▶ **ACTION ITEM**
All that is wanted is an exact copy of the lines below, starting at the one that contains "Schleich Farm World" and running to the end.

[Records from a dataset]
-------
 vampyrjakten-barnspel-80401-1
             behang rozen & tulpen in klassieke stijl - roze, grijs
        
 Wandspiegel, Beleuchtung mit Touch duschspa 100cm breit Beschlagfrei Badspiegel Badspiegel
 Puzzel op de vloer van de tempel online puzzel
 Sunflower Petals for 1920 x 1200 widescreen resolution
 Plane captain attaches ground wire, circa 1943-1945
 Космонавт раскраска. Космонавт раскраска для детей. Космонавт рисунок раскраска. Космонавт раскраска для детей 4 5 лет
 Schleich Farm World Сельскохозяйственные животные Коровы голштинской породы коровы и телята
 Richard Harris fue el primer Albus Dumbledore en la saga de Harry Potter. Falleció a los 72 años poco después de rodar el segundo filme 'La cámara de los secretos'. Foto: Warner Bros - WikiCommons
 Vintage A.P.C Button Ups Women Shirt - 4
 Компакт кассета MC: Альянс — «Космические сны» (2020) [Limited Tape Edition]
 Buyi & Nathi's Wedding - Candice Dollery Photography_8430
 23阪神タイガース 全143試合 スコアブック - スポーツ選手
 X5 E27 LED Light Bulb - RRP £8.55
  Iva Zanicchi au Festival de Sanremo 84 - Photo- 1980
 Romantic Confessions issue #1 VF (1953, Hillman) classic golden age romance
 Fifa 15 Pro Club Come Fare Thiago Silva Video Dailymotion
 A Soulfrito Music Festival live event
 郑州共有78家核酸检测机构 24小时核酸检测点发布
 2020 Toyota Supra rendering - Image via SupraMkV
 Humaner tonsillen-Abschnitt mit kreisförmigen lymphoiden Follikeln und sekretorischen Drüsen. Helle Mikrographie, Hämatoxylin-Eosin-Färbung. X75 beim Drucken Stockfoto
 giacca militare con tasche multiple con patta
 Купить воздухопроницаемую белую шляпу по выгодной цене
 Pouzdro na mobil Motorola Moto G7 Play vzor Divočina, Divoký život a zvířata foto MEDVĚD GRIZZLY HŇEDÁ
-------
▶ **ANSWER BOX**
 Schleich Farm World Сельскохозяйственные животные Коровы голштинской породы коровы и телята
 Richard Harris fue el primer Albus Dumbledore en la saga de Harry Potter. Falleció a los 72 años poco después de rodar el segundo filme 'La cámara de los secretos'. Foto: Warner Bros - WikiCommons
 Vintage A.P.C Button Ups Women Shirt - 4
 Компакт кассета MC: Альянс — «Космические сны» (2020) [Limited Tape Edition]
 Buyi & Nathi's Wedding - Candice Dollery Photography_8430
 23阪神タイガース 全143試合 スコアブック - スポーツ選手
 X5 E27 LED Light Bulb - RRP £8.55
  Iva Zanicchi au Festival de Sanremo 84 - Photo- 1980
 Romantic Confessions issue #1 VF (1953, Hillman) classic golden age romance
 Fifa 15 Pro Club Come Fare Thiago Silva Video Dailymotion
 A Soulfrito Music Festival live event
 郑州共有78家核酸检测机构 24小时核酸检测点发布
 2020 Toyota Supra rendering - Image via SupraMkV
 Humaner tonsillen-Abschnitt mit kreisförmigen lymphoiden Follikeln und sekretorischen Drüsen. Helle Mikrographie, Hämatoxylin-Eosin-Färbung. X75 beim Drucken Stockfoto
 giacca militare con tasche multiple con patta
 Купить воздухопроницаемую белую шляпу по выгодной цене
 Pouzdro na mobil Motorola Moto G7 Play vzor Divočina, Divoký život a zvířata foto MEDVĚD GRIZZLY HŇEDÁ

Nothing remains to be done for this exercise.